UN AMOR DE VERANO (Catherine Corsini, 2015) sobre dos temas capitales en la actualidad: el lesbianismo en las zonas rurales de la vieja Europa y los albores de la lucha por los derechos femeninos en la primavera de 1971, no tan famosa como lo ocurrido tres primaveras antes, pero muy significativo porque ese huevo sí que eclosionó. El verano siguiente es el del amor entre la hija del granjero (Izïa) que va a París y se enamora de una activista (la siempre creíble actriz belga Cécile de France), pero al llegar el verano su padre sufre un ictus y debe regresar para hacerse cargo de las tierras y los animales. Su amor, urbanita y capitalino, le visita y todo debe ser a escondidas hasta que la madre de ésta les descubre e invita a marcharse a la invitada. La sensualidad que desprende esta cinta donde la mujer rural es quien muestra el camino a la parisina, que antes de ella nunca se había planteado una relación sáfica, y quien parece alumna es, en muchos momentos, maestra atrapa al espectador haciendo patente la transferibilidad de la que habla muy acertadamente Roman Gubern como uno de los mayores logros para la universalización del cine. Bella y calurosa (como su título original, La bella estación), pero nunca acalorada y con una directora que apuesta por la sensualidad y el amor cuando lo fácil hubiese sido tomar la pancarta del orgullo y de los derechos civiles de esa mujer europea de comienzos de los setenta.

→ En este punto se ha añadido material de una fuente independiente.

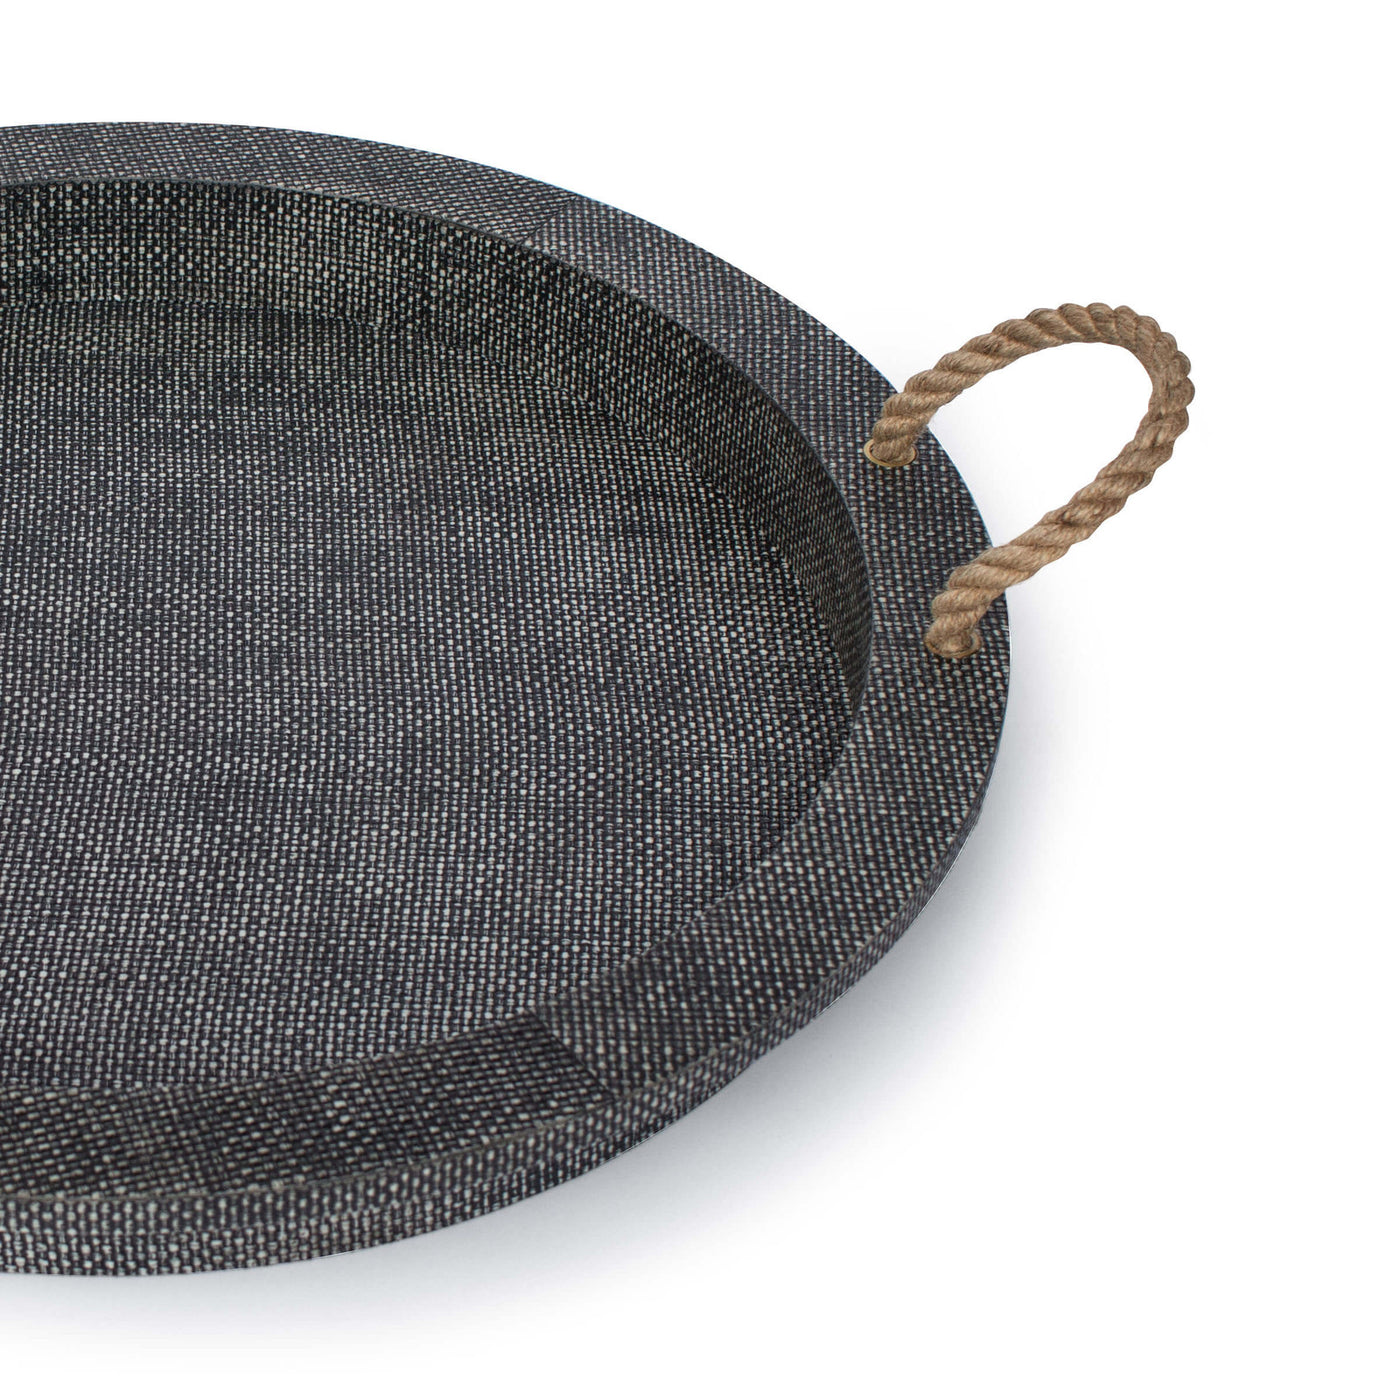 TRAY RATTAN WITH ROPE HANDLES ROUND (Available in 2 Colors)

LA ESTACIÓN DE LA FELICIDAD (Clea Duvall, 2020) pequeña joya sobre el conservadurismo cuando se encarna en una familia cuya hija es lesbiana y lo oculta justo cuando su chica le va a pedir matrimonio y son invitadas a pasar las navidades con los suyos. No hay una actuación mala en esta película que habla de engaños, de medias verdades y de que la felicidad y la libertad pasan por ese angosto camino que es la verdad. Podría haberse ido a despellejar a los conservadores, a los ciudadanos de provincias o a todo lo que pueda ser culpabilizado, pero centra su objetivo en el afloramiento de la realidad, de unos y de otros, de los padres y de su hija y, por supuesto, de la novia enamorada de ésta. De hecho, todo parte de esta premisa de la familia: así, el padre de la homosexual tapada y que obliga a su amada a cubrirse con idéntico gesto, es un político local con aspiraciones a crecer y ser alcalde de su población. Junto a él una esposa que juega a la felicidad más ridícula situando a sus tres hijas en su propia negación de la verdad. Una hermana mayor competitiva y con trastero lleno de vacío; y una hermana menor incapaz de interesar a nadie en su propio mundo de creatividad y búsqueda de sí misma. Guion cuidado e interpretaciones que juegan a la comedia siendo dramáticas todas. McKenczie Davis y, sobre todo, Kristen Stewart, nos regalan sendos trabajos magistrales. Ambas quieren ser valientes, pero son terriblemente cobardes hasta que comprenden que la vida dura demasiado poco. Y todo ello en la sacrosanta navidad, la fiesta familiar por excelencia y alejado todo de las grandes urbes o del buenismo, tan tóxico en esta sociedad.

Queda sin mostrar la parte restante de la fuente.